Excitatory and inhibitory synaptic currents are altered in both Q31 and Q97 MSNs

Excitatory and inhibitory synaptic currents response properties have consistently been reported to be altered in MSNs of mouse models of HD [29,32,53]. We compared both excitatory and inhibitory synaptic currents in MSNs from each of the genotypes (Fig 4). For synaptic analyses, male and female mice did not differ so sexes were grouped by genotype (EPSC: Amplitude, F(1,174) = 0.9038, p = 0.3431; Area, F(1,181) = 2.386, p = 0.1242; Frequency, F(1,179) = 0.002, p = 0.969; IPSC: Amplitude, F(1,130) = 1.883, p = 0.1724; Area, F(1,112) = 0.9627, p = 0.3286); Frequency, F(1,113) = 0.1027, p = 0.7492).
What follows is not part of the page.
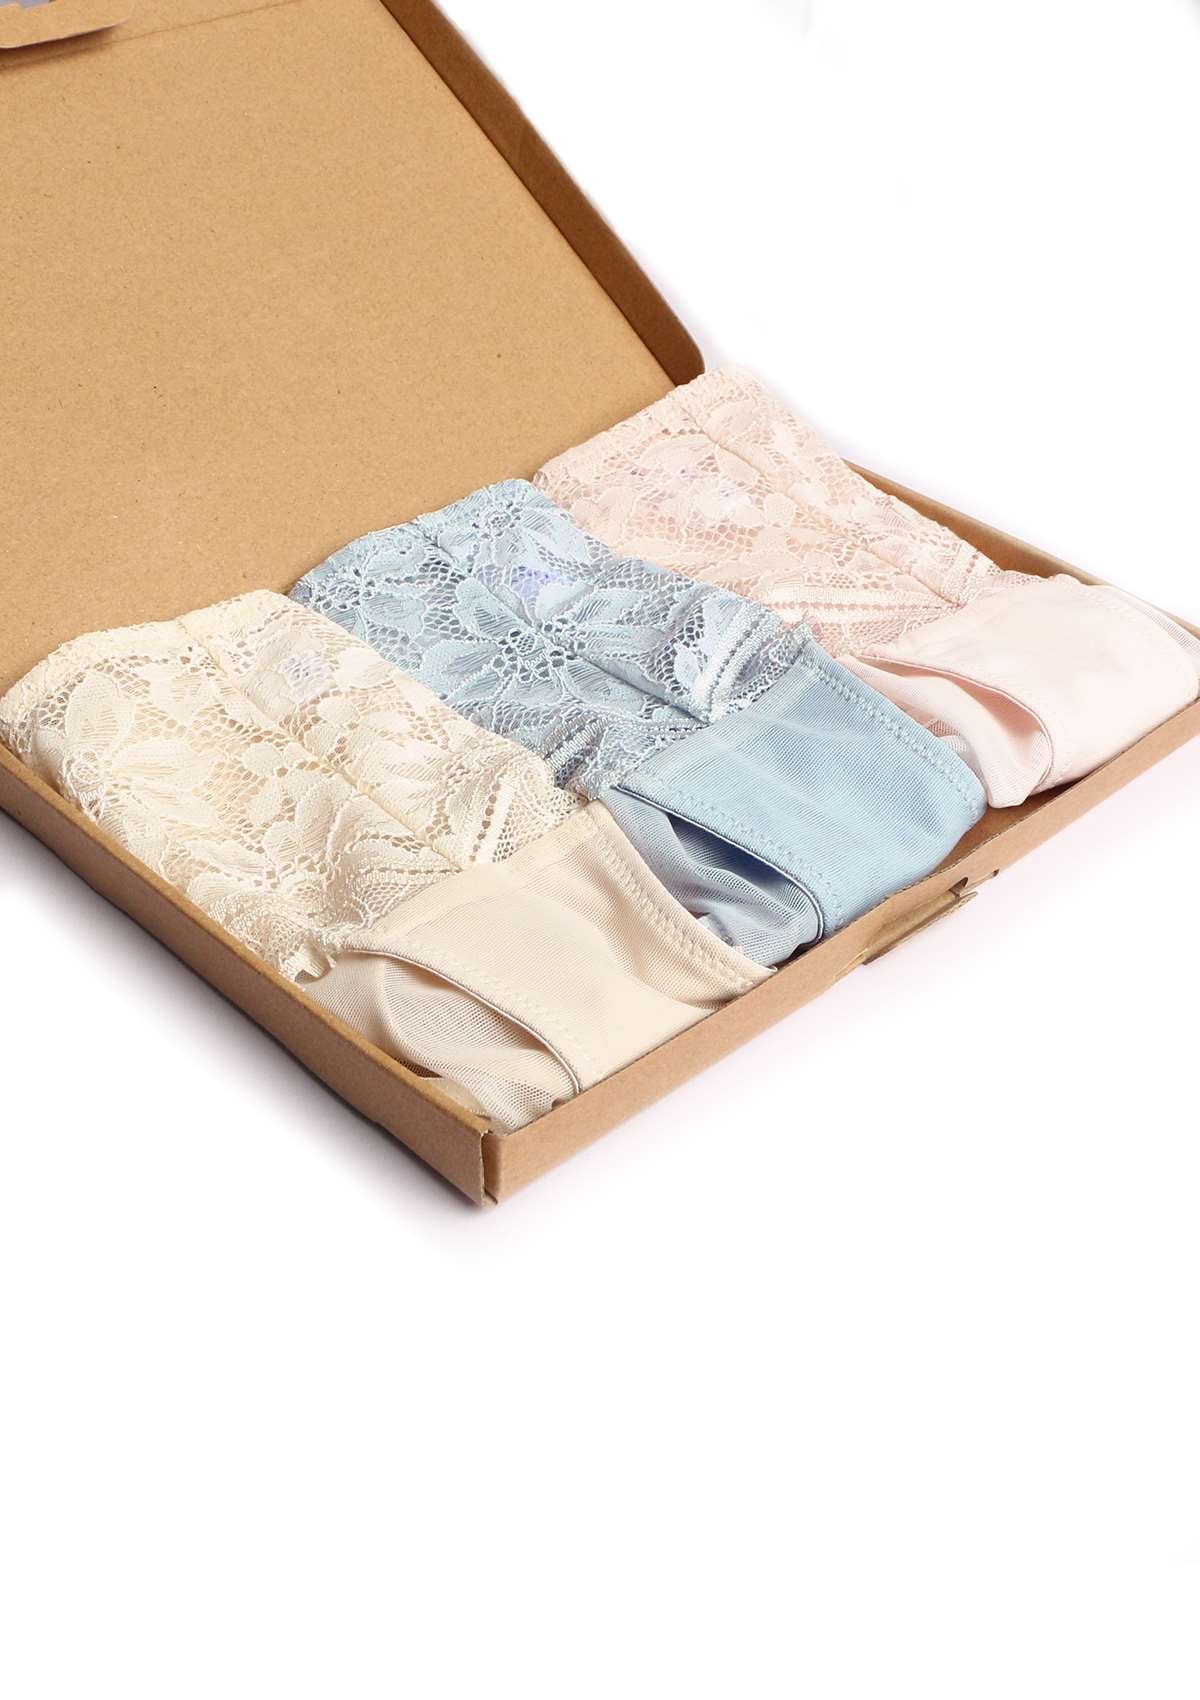 HSIA Silene Sheer Lace Mesh Hipster Underwear 3 Pack - L / Light Blue+Champagne+Light Pink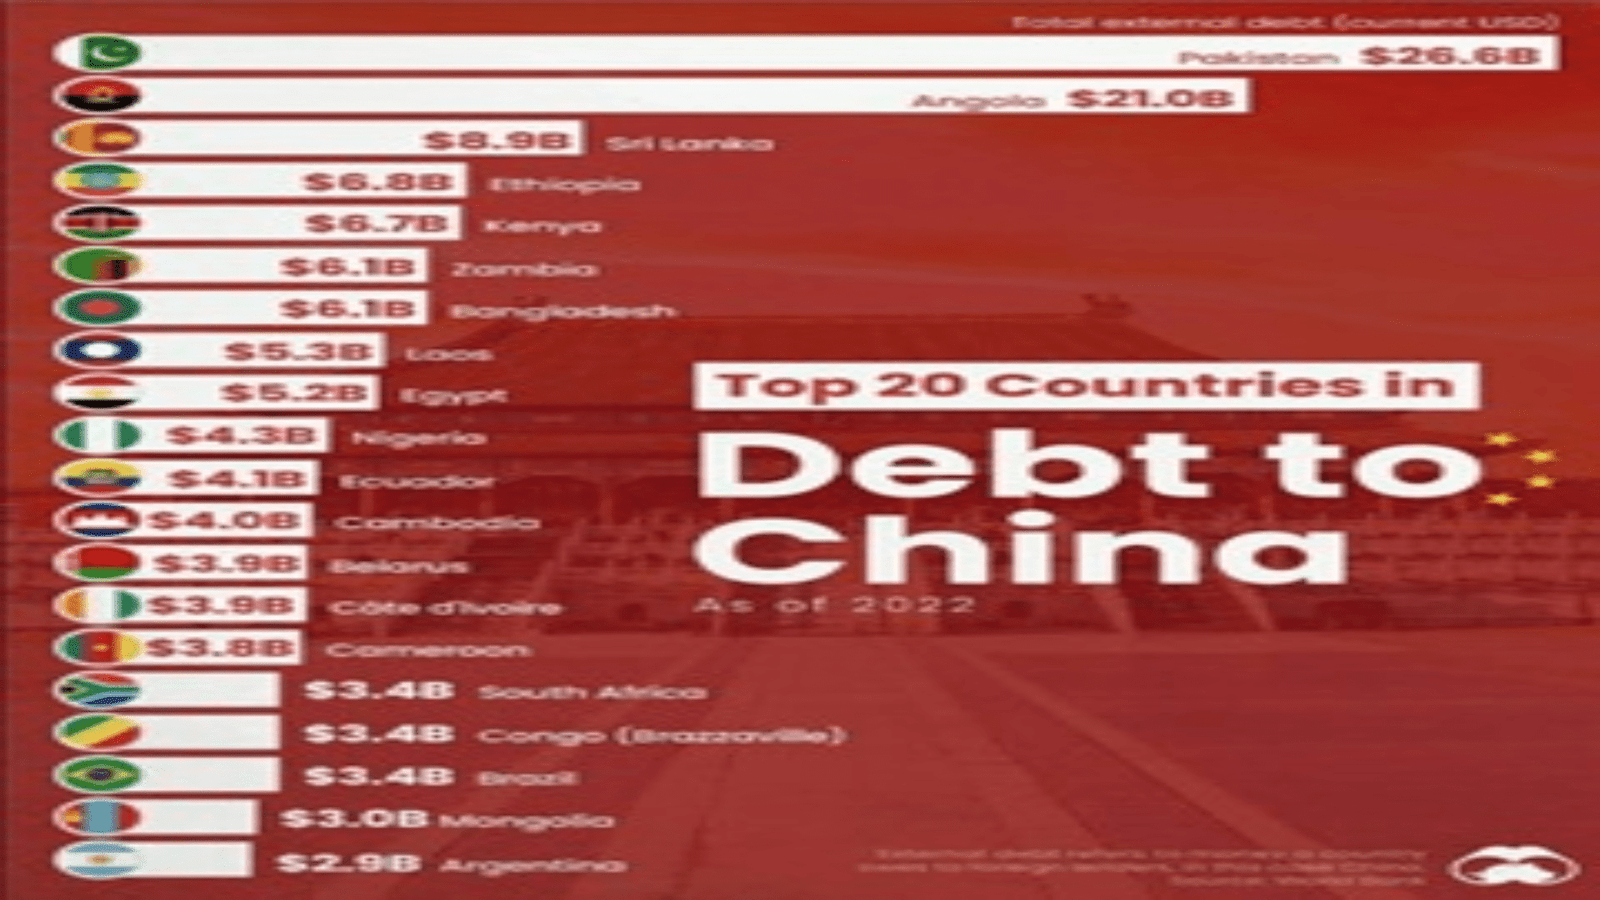 Pakistan tops list of countries borrowing from China

The mean amplitude of excitatory postsynaptic currents (EPSCs), was significantly higher in Q31 than in WT MSNs, but lower in Q97 compared to WT MSNs (Fig 4b). Mean EPSC area was higher in Q31 MSNs compared to WT and Q97 (Fig 4c). Finally, the mean frequency of EPSCs was significantly lower in Q97 MSNs compared to both WT and Q31 MSNs (Fig 4d). The mean amplitude of inhibitory synaptic currents (IPSCs) was lower in Q97 MSNs compared to WT and Q31 (Fig 4f). IPSC area was significantly lower in Q97 MSNs compared to both WT and Q31 cells (Fig 4g). Finally, IPSC frequency did not differ in MSNs from the 3 genotypes (Fig 4h).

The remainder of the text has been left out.